Grant Gillett, a deputy sheriff in Andrew County, Missouri, said Parcells told them he was a doctor — a pathologist specifically — when he walked into the funeral home to do the Forrester autopsy.  Dustin Jeffers, who was also a deputy at the time, said Parcells identified himself as a doctor. The Andrew County Sheriff’s Office incident report refers to him as “Pathologist Shawn Parcells” and “Dr. Shawn Parcells, Pathologist.”

“If they want to think I’m a doctor, that’s their issue,” Parcells said, “…If they want to think I’m a physician, then more power to them.”

Certified pathologists are concerned that a man who has no formal education is testifying in court cases, which could ultimately result in wrongful convictions.

“I would certainly say questions should be raised about any case in which he has a part,” said Mary Case, the chief medical examiner for St.
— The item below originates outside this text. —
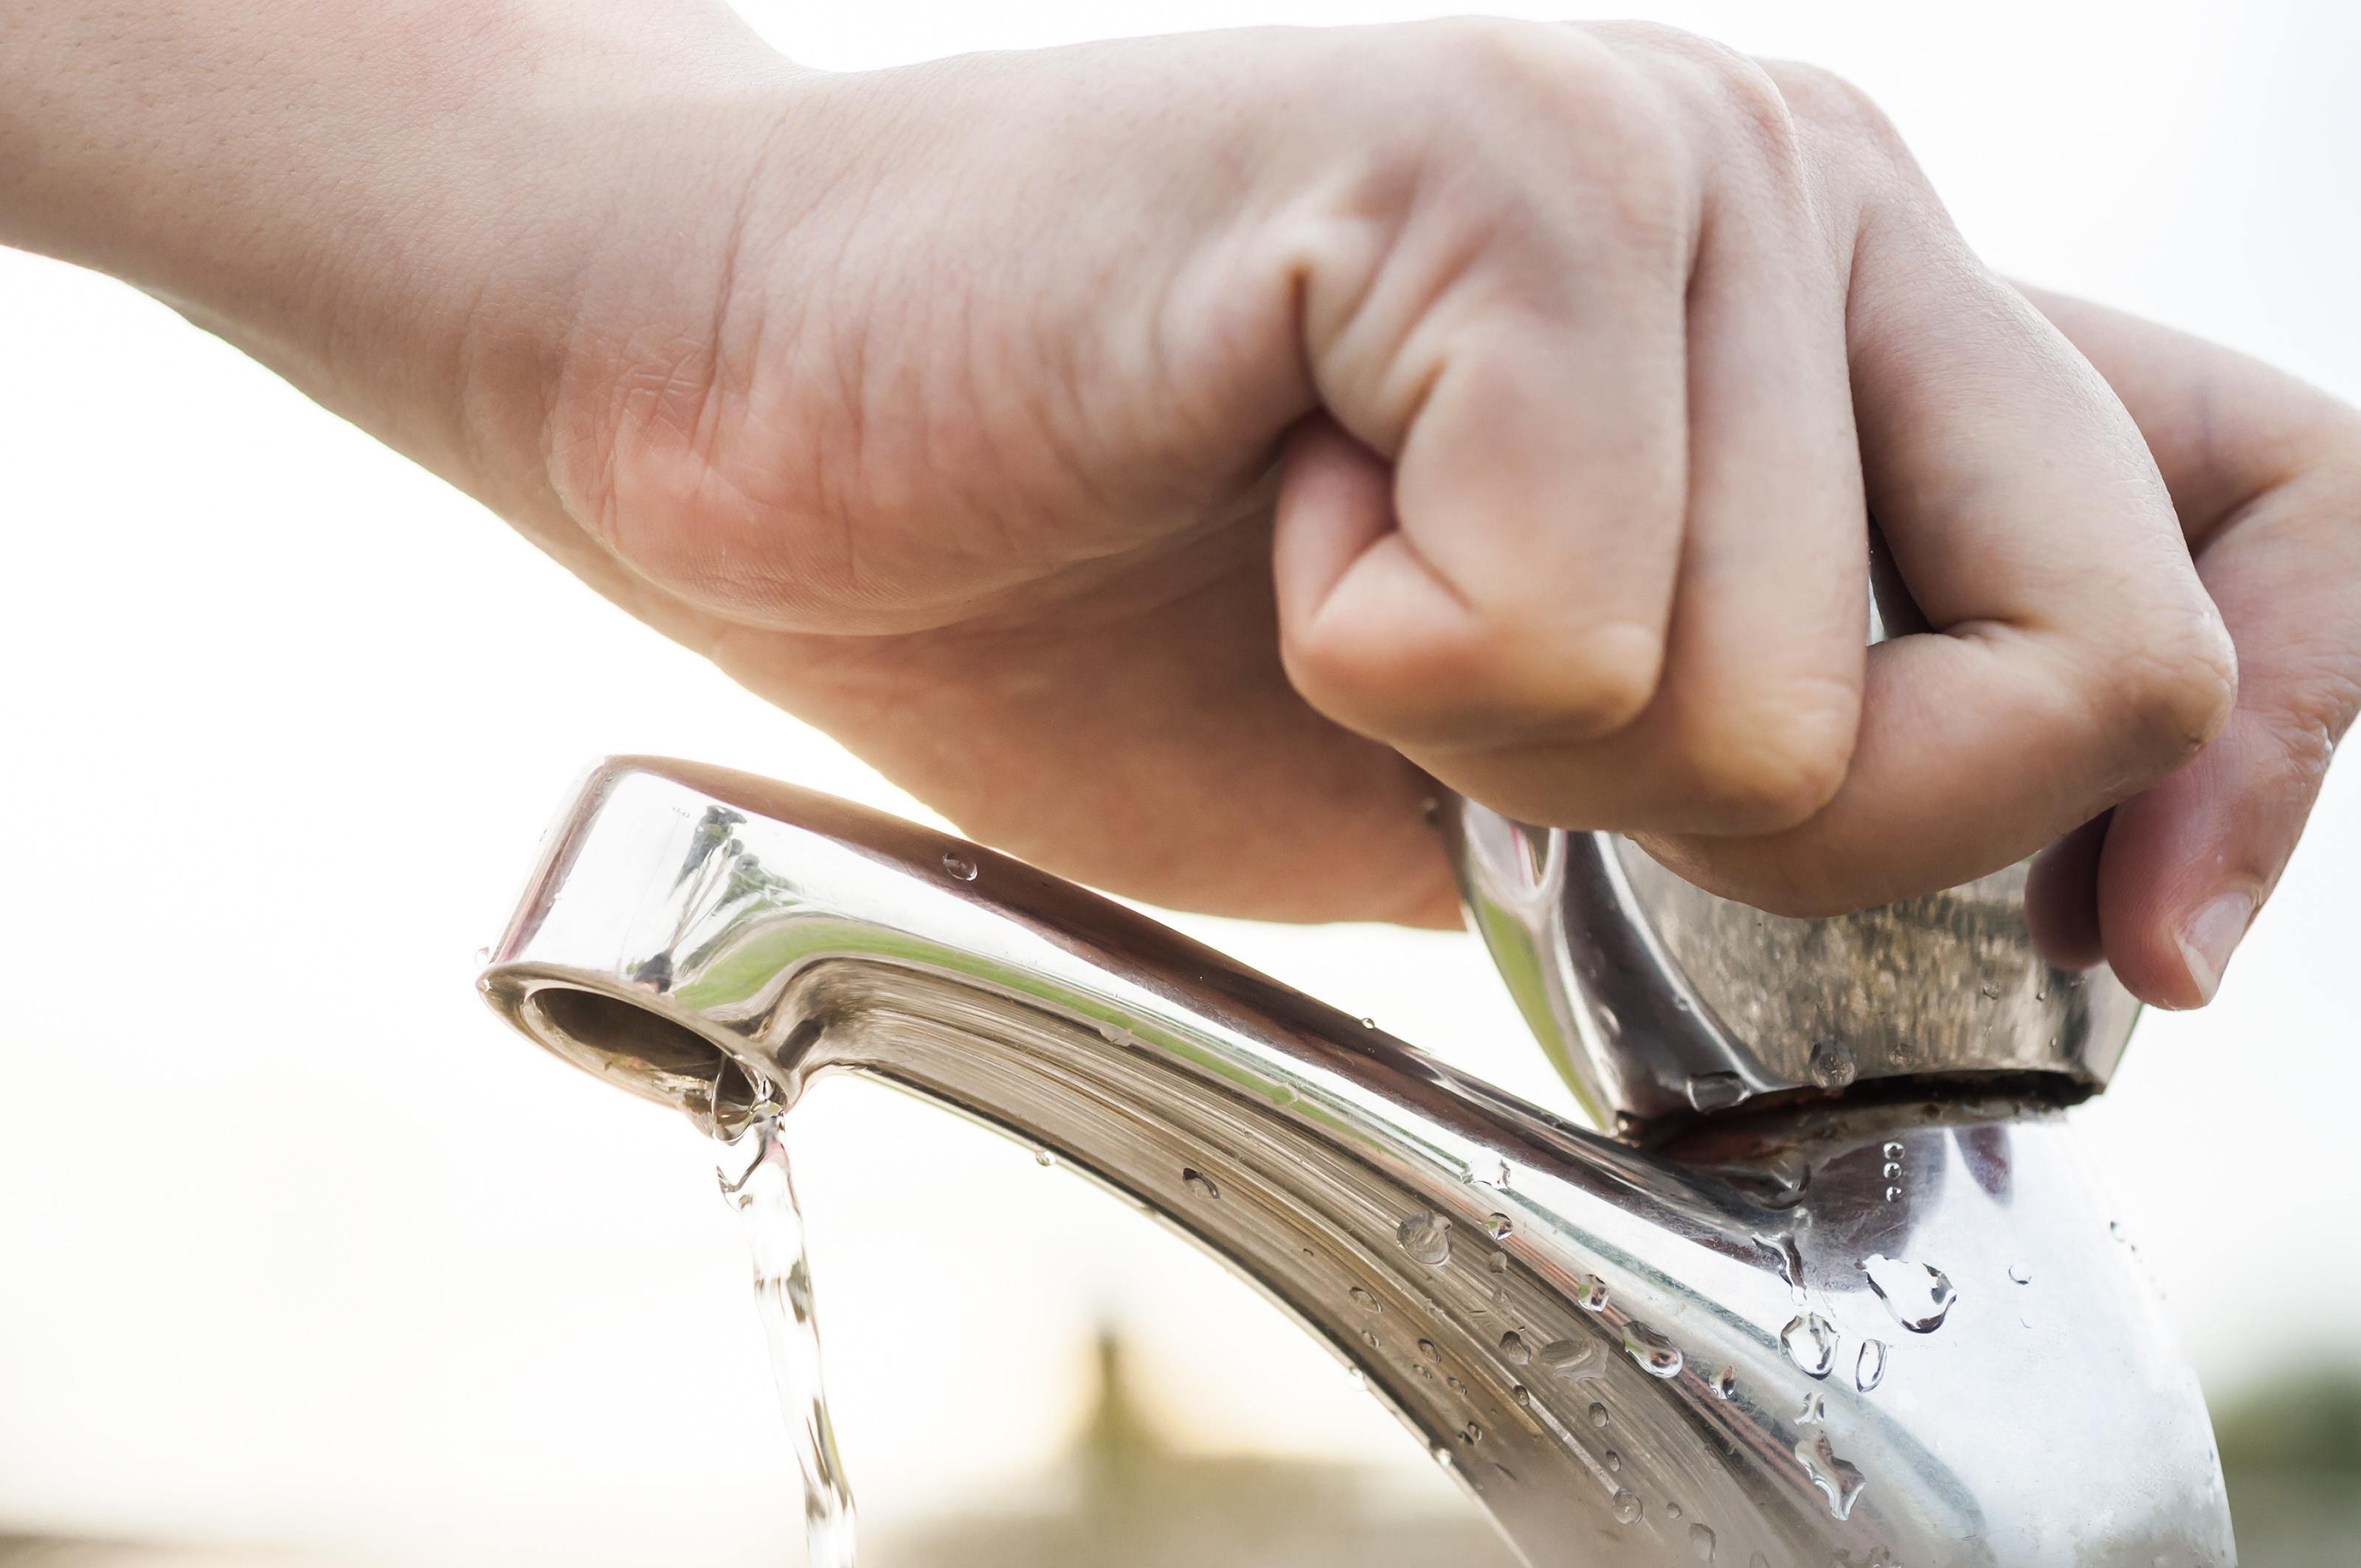 Al momento de lavarse los dientes, tambien puedes hacerte de un recipiente para tomar justo el agua que requieres y no dejar la llave abierta todo el tiempo mientras dura este proceso

Louis County.

Judy Walker sued Parcells after she paid him $1,250 in 2011 to find out the cause of her husband’s dementia.  She said that he was supposed to remove her husband’s brain and send it to Harvard Medical School for testing, but he did not do that.  Her lawyer, Michael Hodges, said about three years later — after the lawsuit was filed — she received a report from a doctor in New York.  Shockingly, Parcells while taking a deposition in the civil case actually slid a bucket containing a brain across the table to Hodges.  Hodges said he isn’t sure that brain belongs to Michael Doris, Walker’s husband, or if it’s real.

Walker believes her husband’s brain has been “lost or destroyed,” but Parcells says that was his brain and he brought it to the deposition to return it to her.

This isn’t the first time concerns over Parcells have been brought up.  Missouri prosecutors and coroners complained that Parcells was performing unsupervised forensic autopsies without qualifications back in early 2013.

Radley Balko of the Washington Post put it best, “here was someone quoted authoritatively in newspapers across the country as a forensic pathologist, who was being proclaimed as a medical expert on cable news show after cable news show…now admitting he “need[ed] to get more credentials” — and pondering that perhaps he’ll go to medical school…someday. And he continued to appear on cable news after [that].  How does this happen?…Cable news is more about stoking biases and inflaming partisans than about informing viewers.”